James Gray est un réalisateur parcimonieux et appliqué. Il suffit pour le constater de consulter sa filmographie : il n'a réalisé que 6 longs-métrages en 23 ans de carrière, et si certains ont eu plus de succès au box-office que d'autres, leur niveau global est plus que solide. On se souvient notamment de l'excellent "Two Lovers" ou encore de "La nuit nous appartient", tous deux avec Joaquin Phoenix, ou bien plus récemment du carton de "The Immigrant".
Avec "The Lost City of Z", Gray signe un nouveau film très élégant. On le constate dès la séquence d'ouverture, qui nous permet de faire connaissance avec Percy Fawcett, colonel dans l'armée britannique, qui se distingue particulièrement lors d'une chasse à courre superbement filmée et mise en scène. Les images sont belles, la caméra judicieusement mobile et le cadre précis, la colorimétrie subtilement immersive rend bien l'époque, le début du XXème siècle, tout comme les uniformes, et plus généralement le soin porté à la confection des costumes tout au long du film. Mais surtout, on y découvre une composante essentielle du caractère de Fawcett : c'est une tête de mule flamboyante, prête à sortir des sentiers battus et à prendre tous les risques pour atteindre son objectif.


Percy est ambitieux, mais son avancement dans l'armée est malheureusement arrivé à un point d'arrêt car les hautes instances l'estiment indigne de nouvelles promotions. En effet, feu son père, alcoolique et joueur invétéré, a malencontreusement traîné le nom des Fawcett dans la boue...
Soucieux d'apporter confort, prestige et sécurité financière à sa toute jeune famille, le colonel saisit l'opportunité qui lui est offerte par la Royal Geographical Society de laver l'honneur attaché à son nom en cartographiant la frontière entre le Brésil et la Bolivie, deux pays qui risquent d'entrer en guerre pour l'exploitation des précieux Hévéas dont est issue l'industrie du caoutchouc, florissante à cette époque. La mission s'annonce difficile et dangereuse, puisqu'il faudra atteindre pour la remplir des zones encore jamais explorées par l'Homme Blanc. Elle sera aussi forcément très longue, obligeant le jeune père à être absent des côtés de sa femme et de son tout jeune fils durant plusieurs années. Heureusement, son épouse Nina, incarnée avec force et subtilité par la ravissante Sienna Miller, se sent plus que capable de se débrouiller toute seule durant son absence, et l'encourage donc de bon coeur à saisir cette opportunité inespérée.

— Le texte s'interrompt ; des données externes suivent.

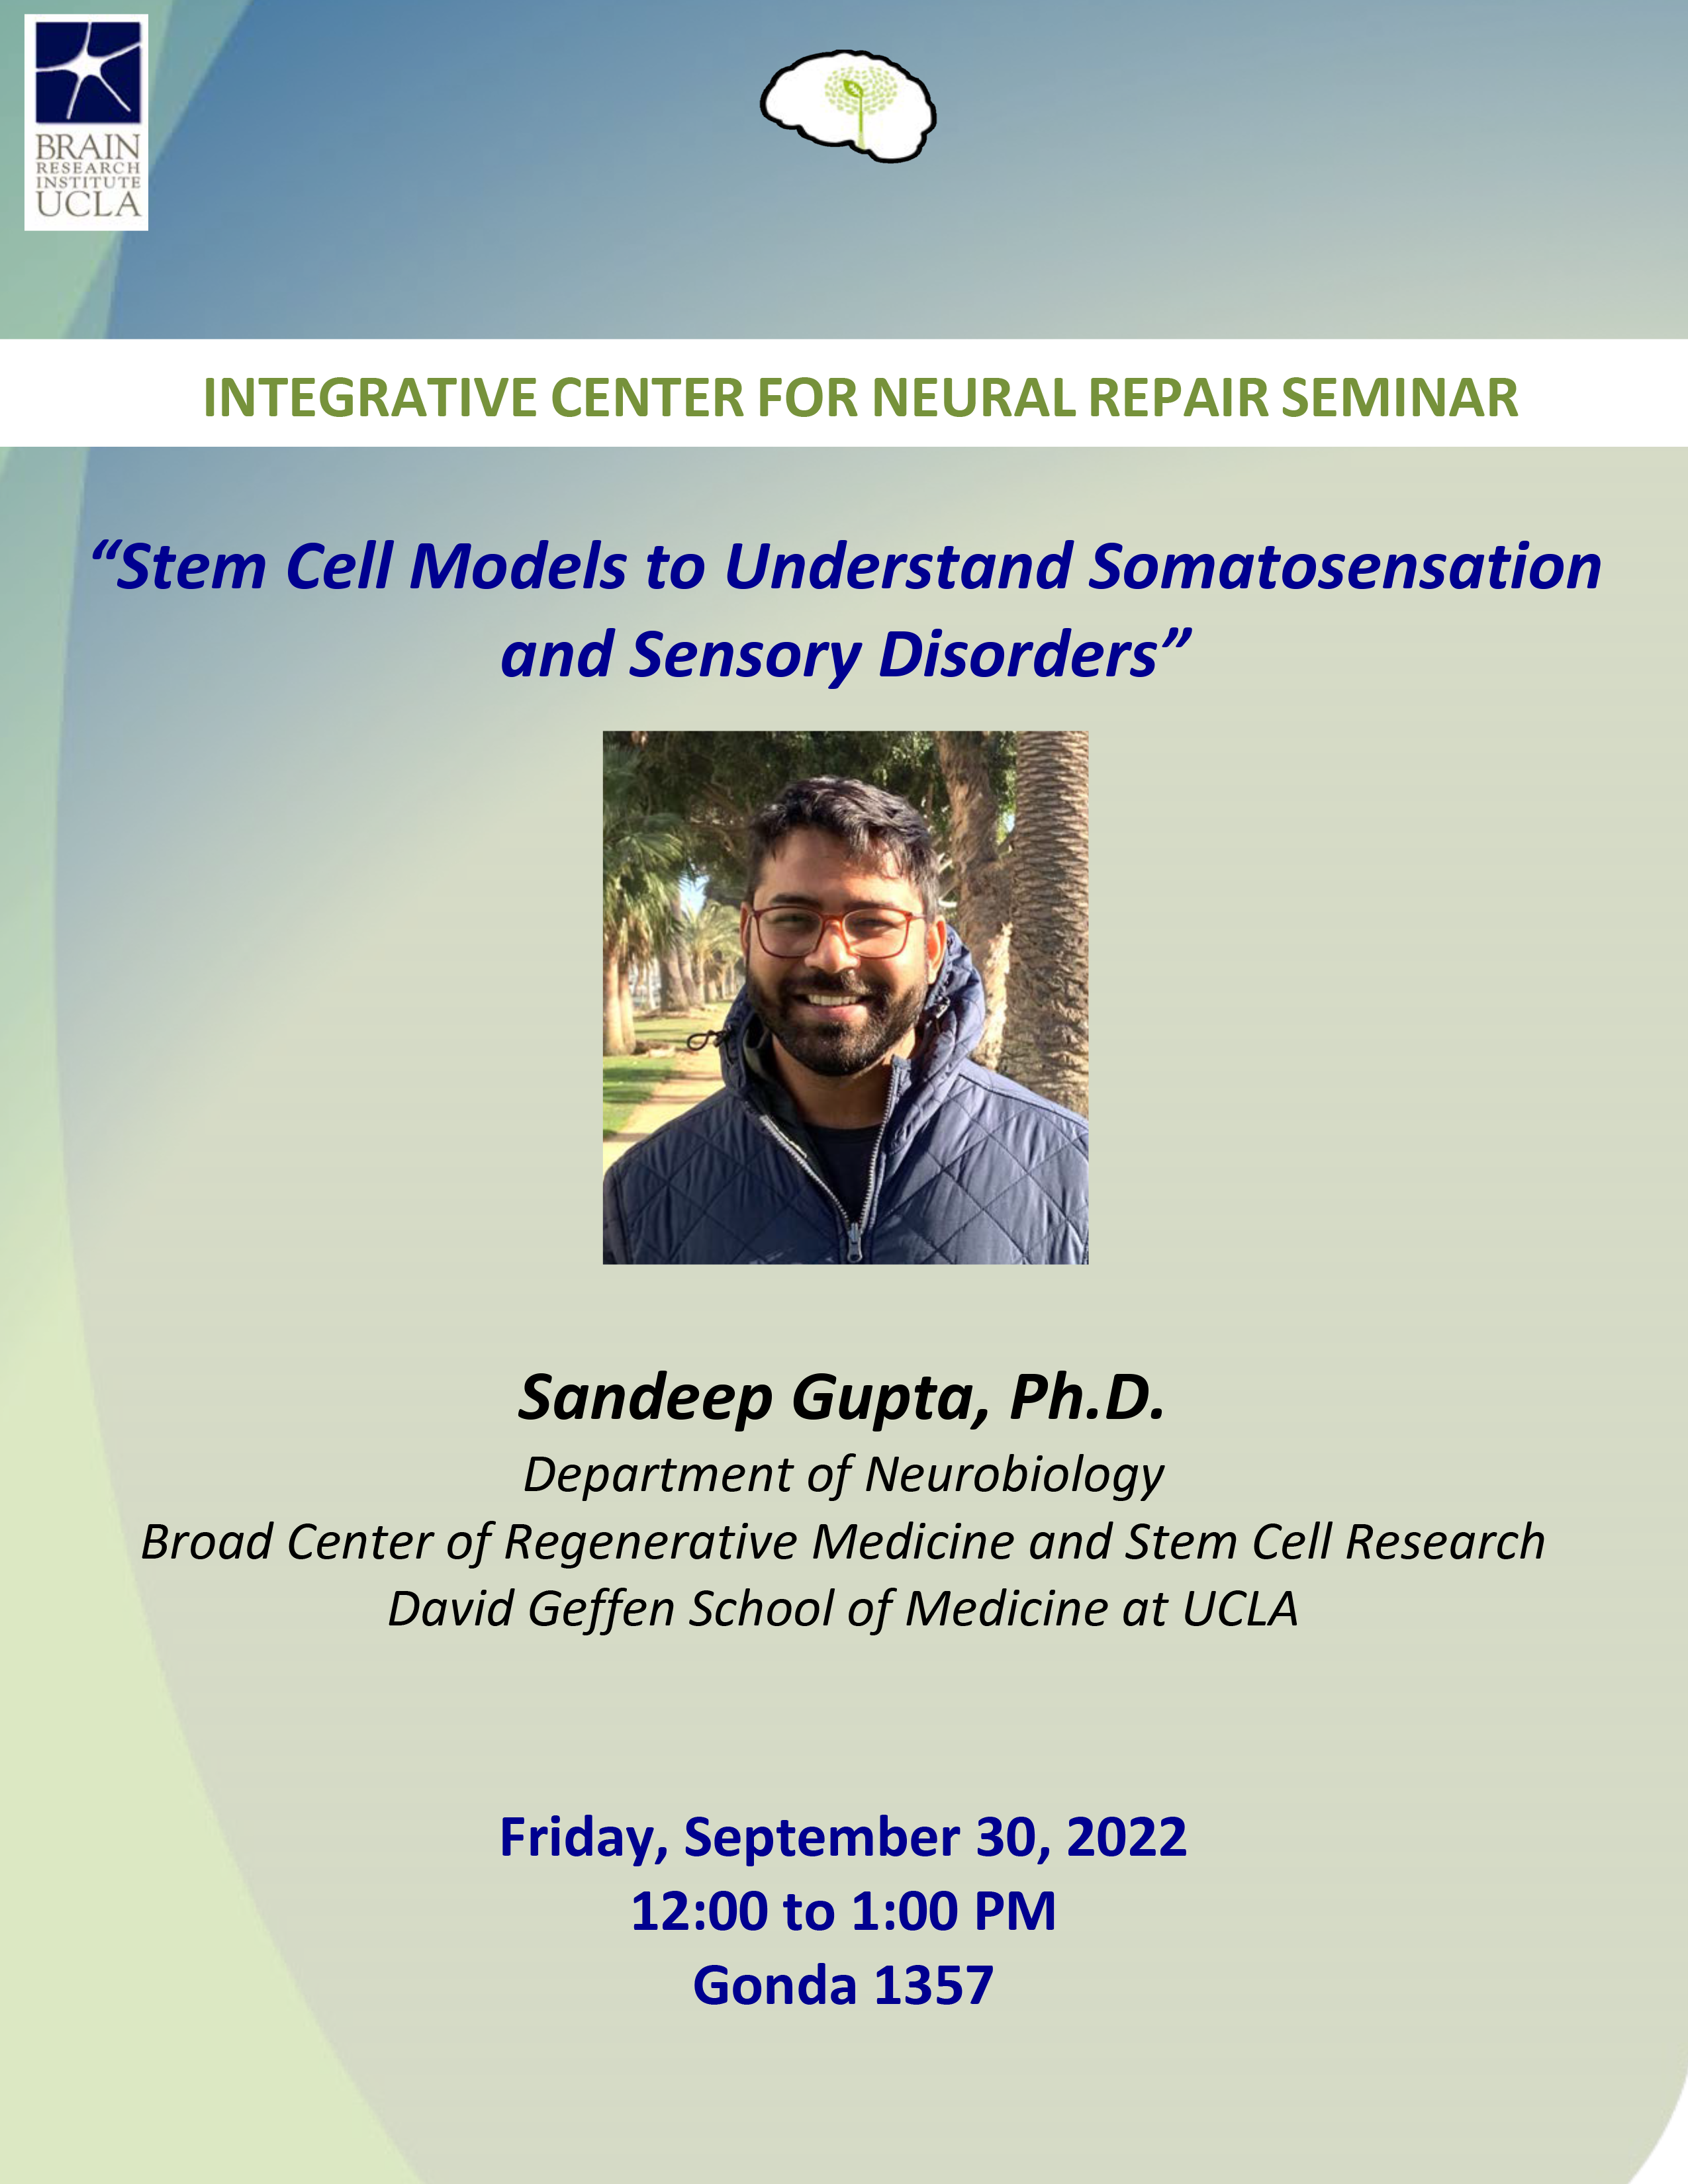 Sandeep gives Neural Repair
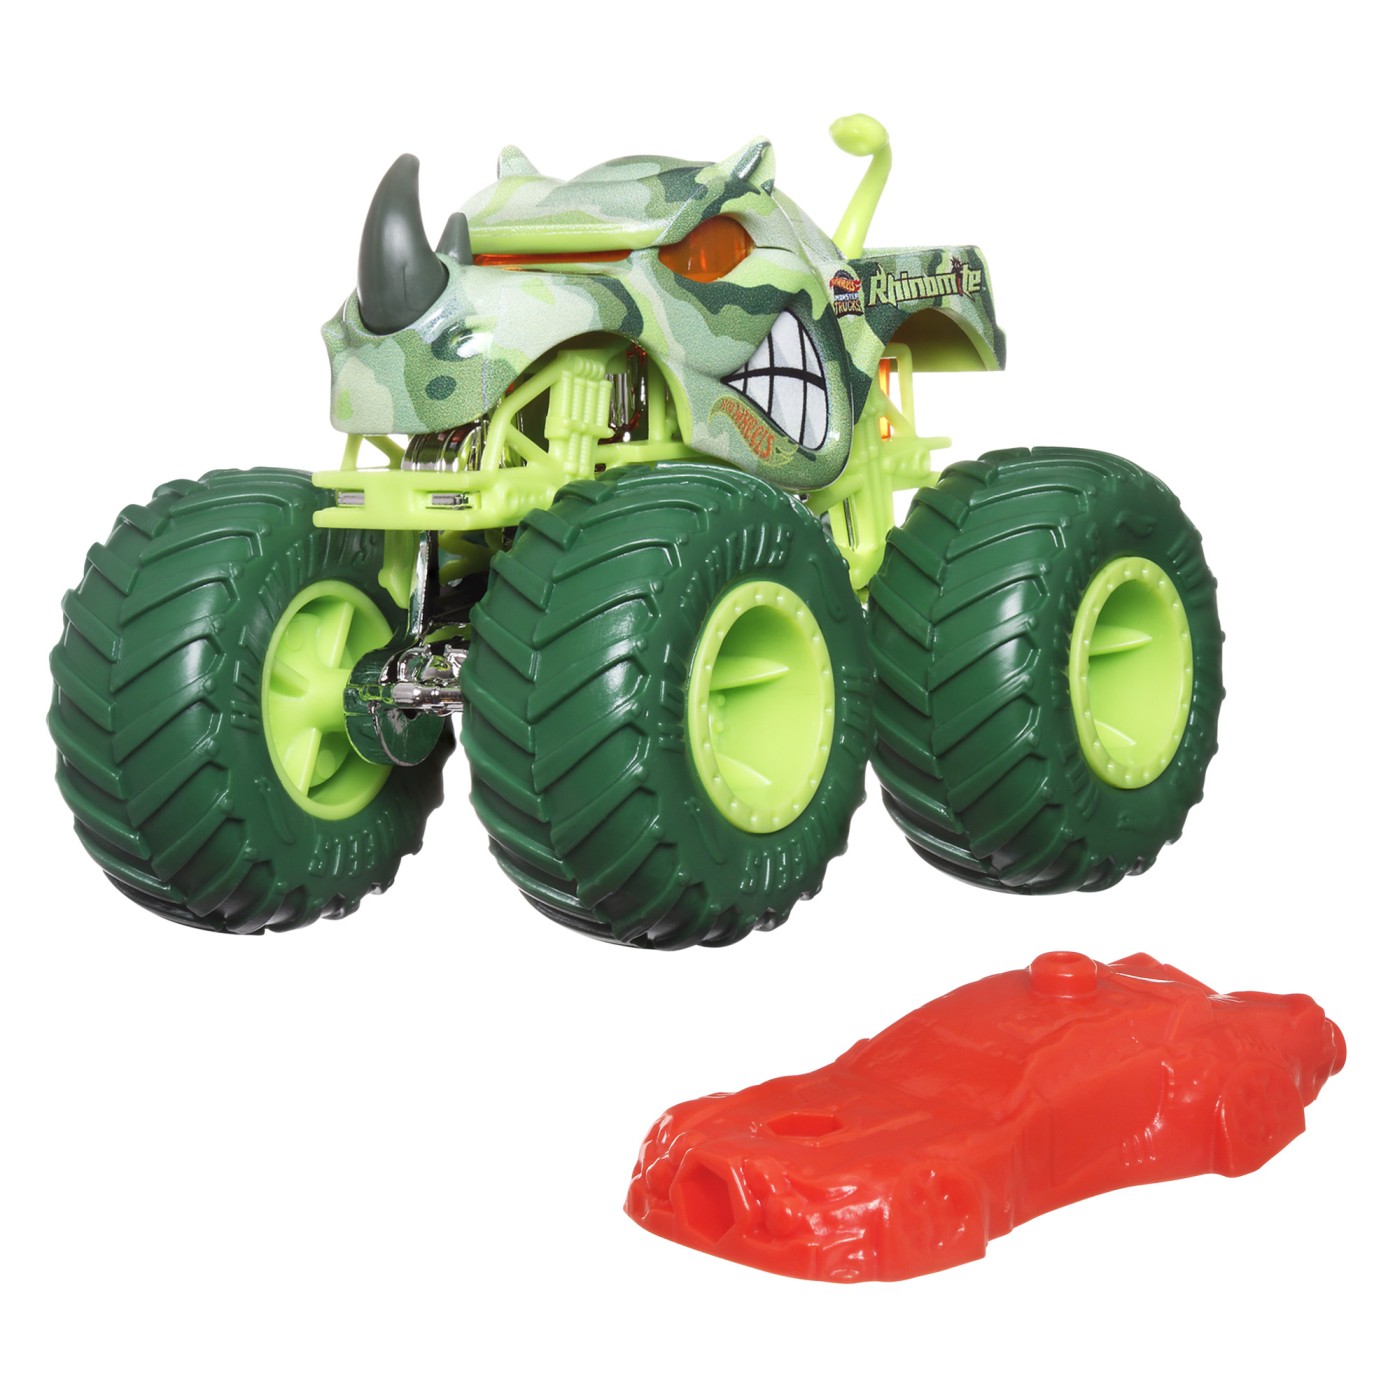 Jucarie - Masina - Hot Wheels - Rhinomite | Mattel

Percy part donc pour l'Amérique du Sud, ou il fait la connaissance de Henry Costin, son futur bras droit et homme de confiance, interprété par le méconnaissable et surprenant Robert Pattinson. Tous deux constituent une équipe d'exploration et s'adjoignent les services d'un Indien local pour les guider sur le Rio Verde dans leur périlleuse entreprise. C'est lui qui va (on pense un peu à "Inception") implanter dans son esprit l'idée séduisante de chercher une ancienne cité perdue, où vivaient d'après lui un très grand nombre de personnes, au-delà des montagnes, au plus profond de la forêt amazonienne... Une légende qui parait de prime abord bien peu crédible aux oreilles des explorateurs, jusqu'à ce qu'au terme d'un long et éprouvant périple, Fawcett découvre, en un lieu encore jamais foulé par le moindre Européen, des poteries suggérant l'existence d'une civilisation ancienne disparue mais bien réelle. Une découverte d'une magnitude sans précédent dans un début de XXème siècle encore persuadé que seul l'Homme Blanc d'Europe avait été capable aux temps reculés de l'Antiquité gréco-romaine de construire de véritables civilisations dignes de ce nom! Ne pouvant, faute de moyens matériels, pousser plus loin son exploration, Percy est contraint de rentrer au Royaume Uni, où il n'aura plus qu'une seule obsession : faire financer et monter une nouvelle expédition destinée à découvrir la cité perdue qu'il baptise Z, et ainsi prouver sa théorie qui secouerait les fondations mêmes des croyances de l'époque en terme d'Histoire et d'archéologie.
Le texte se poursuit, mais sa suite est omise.